It turned into a tube, all twisting and curving around, surrounded by moss and trickling water. Must've been a high-pressure
water spout to be so smooth. It divided pretty soon, and we were all separated, but I couldn't deal with that. I was barely
dealing with this suicide roller coaster I was on.

But what a way to go. I mean, it was the funnest terrifying thing I've ever done. Like they have a water slide amusement park
called All Wet down near where Grandpa used to live, and this was
way
better than that, but there were problems with this one. Like the rocks that were sticking from the ceiling at some of the
turns, so if I'd been any bigger, they might've clobbered me. Little stuff like that. No time to think about that, though.
I just wiggled and dodged without thinking, and somehow that was the right thing to do.

Finally I spurted out the mouth of the chute, flew through the air, and landed with a splash in a pool of shallow water. Within
seconds the others shot out of other holes in the rock and splashed down around me. There was a lot of coughing and spitting
and shaking water from our ears, until when I stood and opened my eyes and looked around, I almost sat down again, just at
the wonder of it.

We were in an enormous, and I mean friggin' huge, cavern. The far ceiling and walls were lined with sparkling rocks that glittered
off shafts of low sunlight that pierced through holes high up. The whole place was filled with a still pool of dark blue water.
Just beyond the walls the ocean's waves could be clearly heard lapping and crashing all around.

But the most amazing sight stood at the far end of the cavern—a ship! A real, honest-to-God, well preserved, seventeenth-century
pirate ship, tilted half on its side, buried half in the far wall, where there'd been a cave-in probably hundreds of years
ago.

The sails were tattered. One mast was gone, the others were broken or leaning. The skull and crossbones hung at half mast.
The ship rested broadside, its gunports open, its rusting cannons pointing right at us. It was like something out of
Treasure Island
, marooned there.

We all just stared.

“It's Willy's ship,” I said, but no one was really listening.

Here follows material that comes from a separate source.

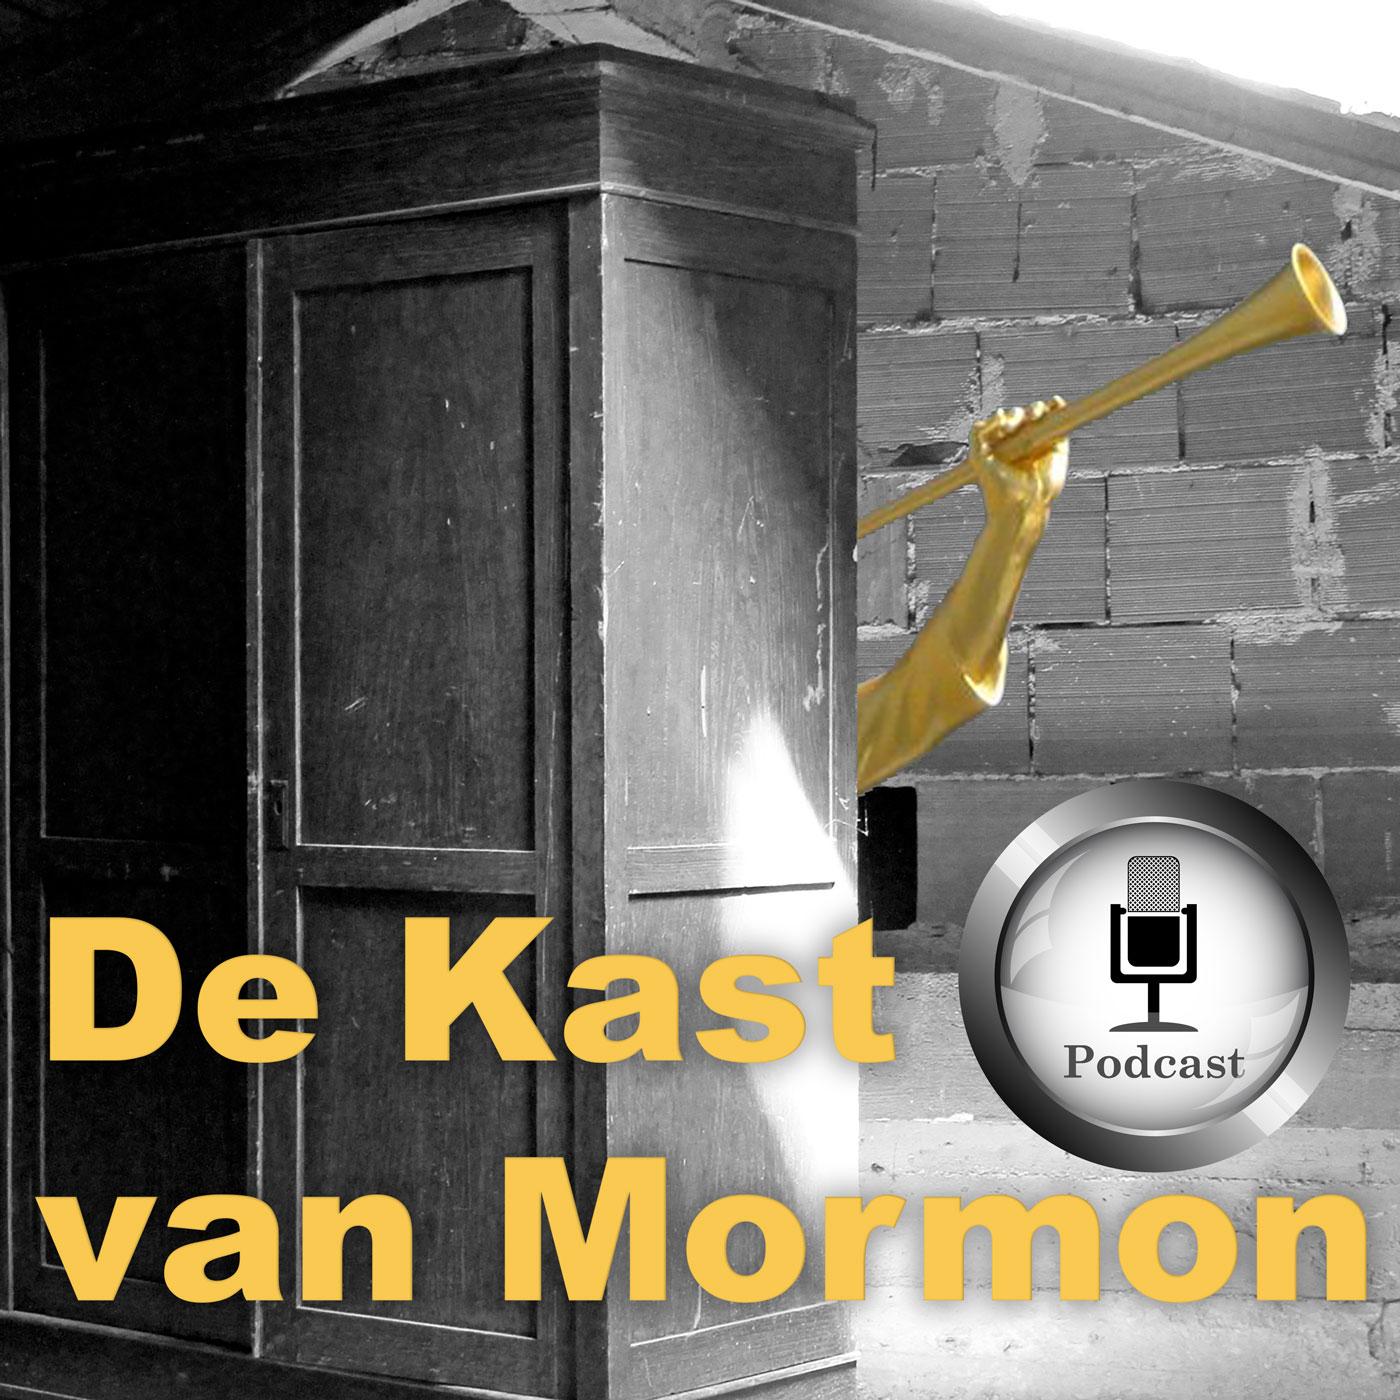 De_Kast_van_Mormon_afl0060_20210308

I started to wade over to it.

“Wait,” said Brand. “What if there's more leeches in there?”

I stopped. Data just smiled, though. He pulled a yellow plastic folded thing out of his backpack and pulled a cord—and the
thing began to inflate into a life raft. But the thing is, it didn't stop, it just kept getting bigger and bigger, until
BAM
, it exploded just like all the rest of his inventions.

The sound bounced around the cavern walls, setting off a small rumbling from above us. Tiny pieces of earth fell from the
ceiling, shuddered down the walls, and plopped into the water. Then it got quiet again. Then we started wading toward the
ship.

I talked as we walked. “Willy had it all planned out, you know? He was waitin' for us. For anybody who was smart enough to
figure out his tricks. And we were smart enough.”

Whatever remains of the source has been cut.